The workers’ compensation insurance application vetted by Zurich American Insurance Company seemed straightforward enough to its examiners. Based on the information supplied by Tennessee-based Sunshine Enterprise (a seller/distributor of Chinese construction and industrial equipment to American companies), Zurich duly issued a policy providing for coverage.
And then things became far less clear. Virtually the entire leadership and management team of Sunshine Enterprise died in a Georgia airplane crash last year. In its wake, Zurich received a claim from the company for workers’ comp death benefits.
Insurance officials took sharp notice of that, for this material reason: Zurich’s coverage application directly addressed plane-related matters, with the insurer asking specifically of every company applicant whether it owned, leased or operated an airplane.
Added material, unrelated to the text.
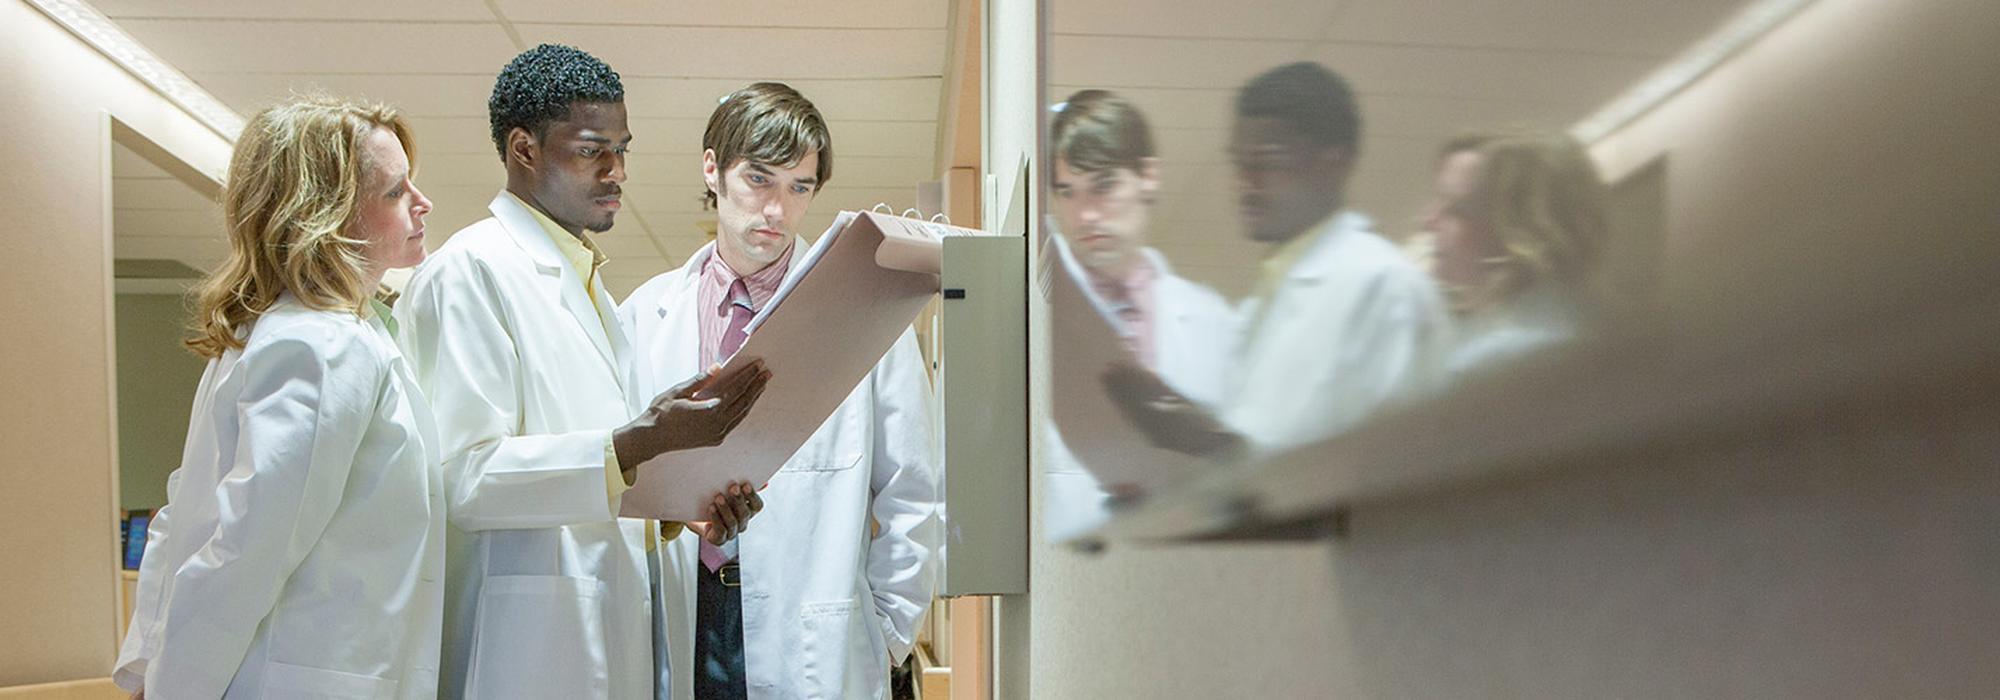 Three people in medical lab coats reviewing a patient chart

Sunshine Enterprise’s paperwork contained an interesting answer. The company stated that it had no connection with any aircraft.
That response was notable, because the airplane that crashed was owned by Sunshine’s CEO, as well as personally piloted by him.
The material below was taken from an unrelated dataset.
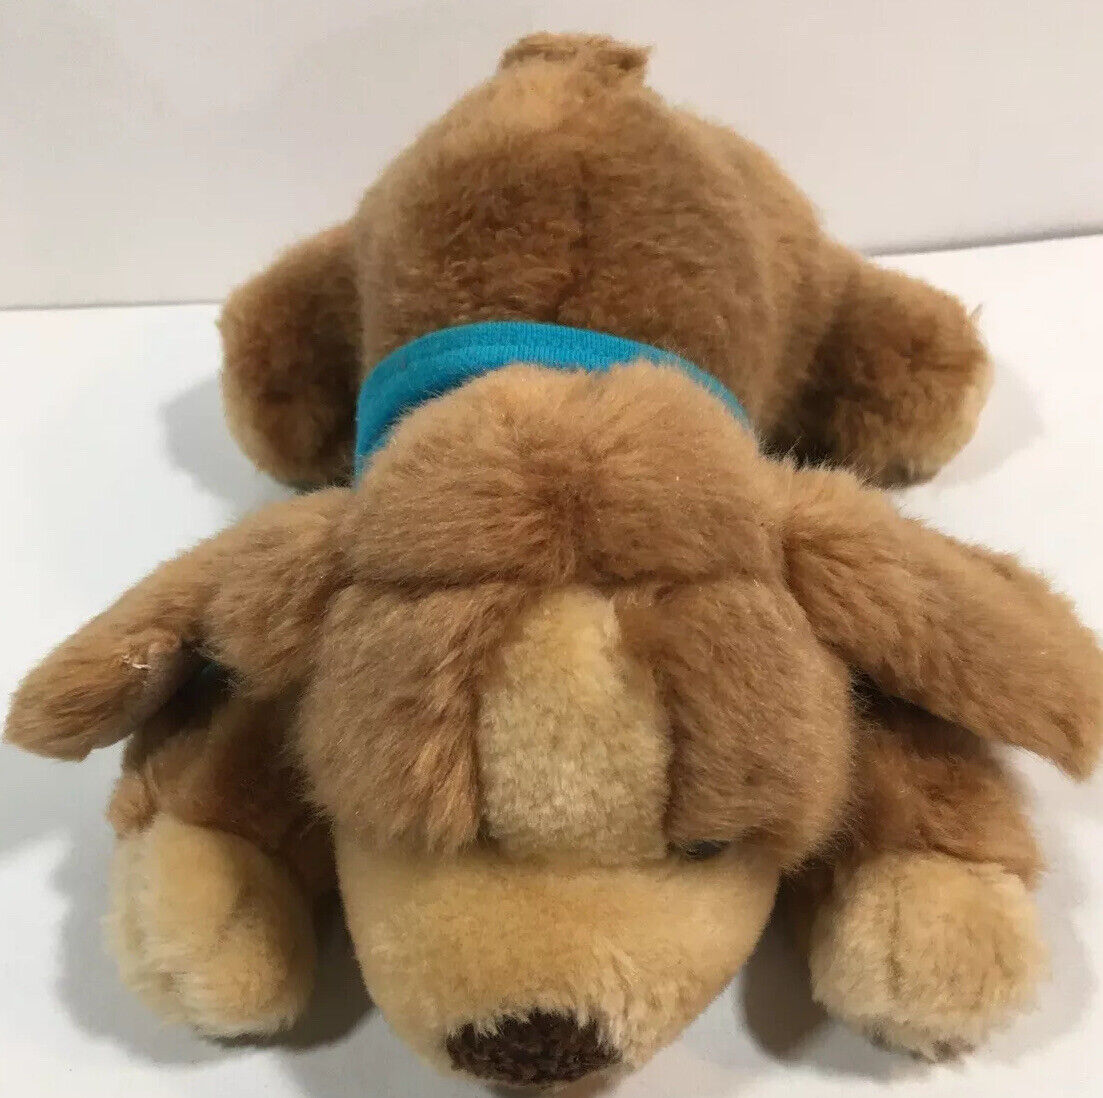 Animal Alley Dog Brown Puppy In Blue Shirt 12" Plush Toys R Us

The unfolding of those facts yielded a blunt retort from Zurich, which comprises the insurer’s central allegation in a federal lawsuit recently filed by the company. Zurich deems the “no” response a fraudulent entry that voids Sunshine’s claim and, indeed, the entire policy. Zurich officials logically claim that their decision to offer coverage based on an assessment of risk was tarnished by a lack of material information.
The litigation is in its early stages, with a media spotlighting of the matter noting that the complaint is “scant on details about the insurance claim.”